--- EXERCISE DATA Enclosed Below ---
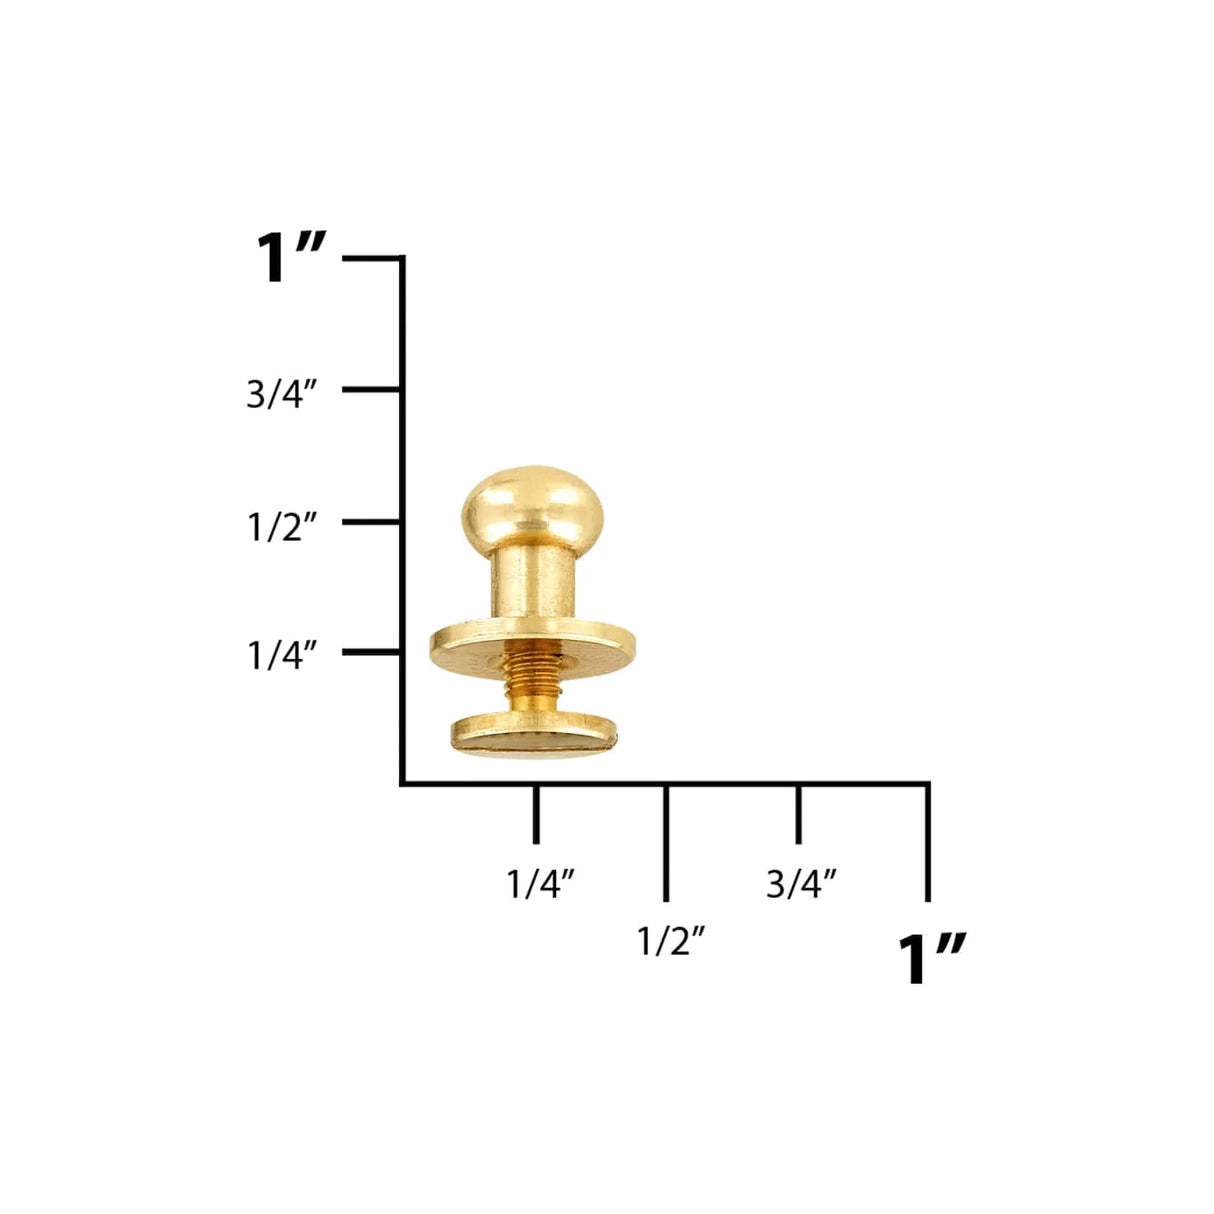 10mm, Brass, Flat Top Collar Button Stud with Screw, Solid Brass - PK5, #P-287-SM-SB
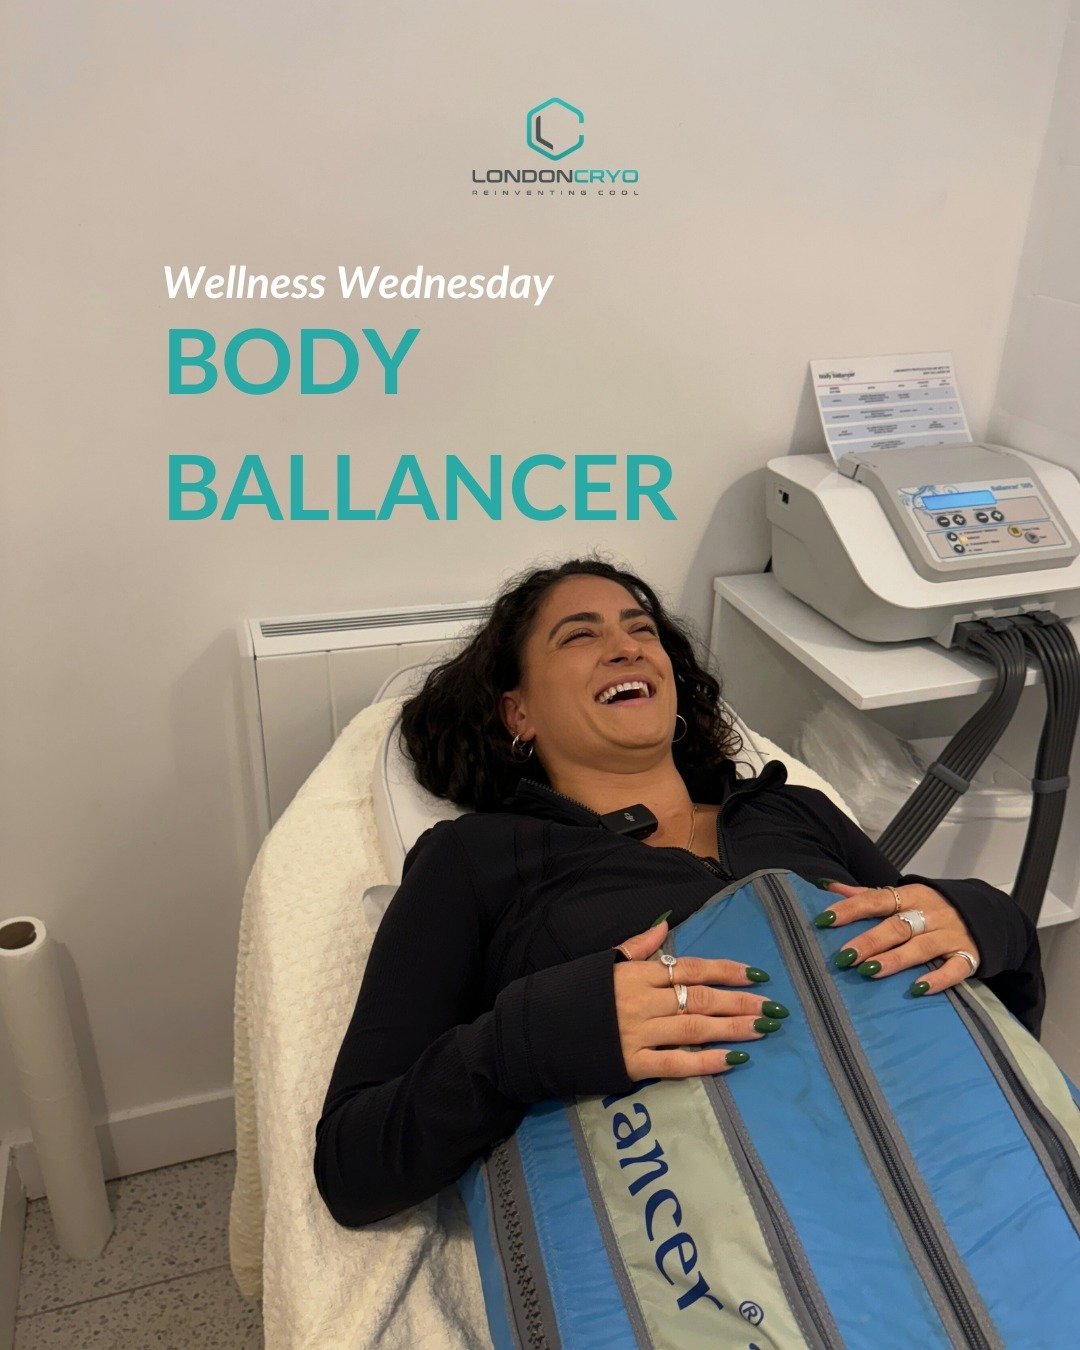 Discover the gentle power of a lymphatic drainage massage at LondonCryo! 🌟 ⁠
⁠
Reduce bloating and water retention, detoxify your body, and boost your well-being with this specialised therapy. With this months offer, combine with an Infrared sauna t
--- End of Enclosed EXERCISE DATA ---
**PROMPT:** Leave out the images and write out the listing above exactly.

**TASK RESULT:**
 10mm, Brass, Flat Top Collar Button Stud with Screw, Solid Brass - PK5, #P-287-SM-SB
 Discover the gentle power of a lymphatic drainage massage at LondonCryo! 🌟 ⁠
⁠
Reduce bloating and water retention, detoxify your body, and boost your well-being with this specialised therapy. With this months offer, combine with an Infrared sauna t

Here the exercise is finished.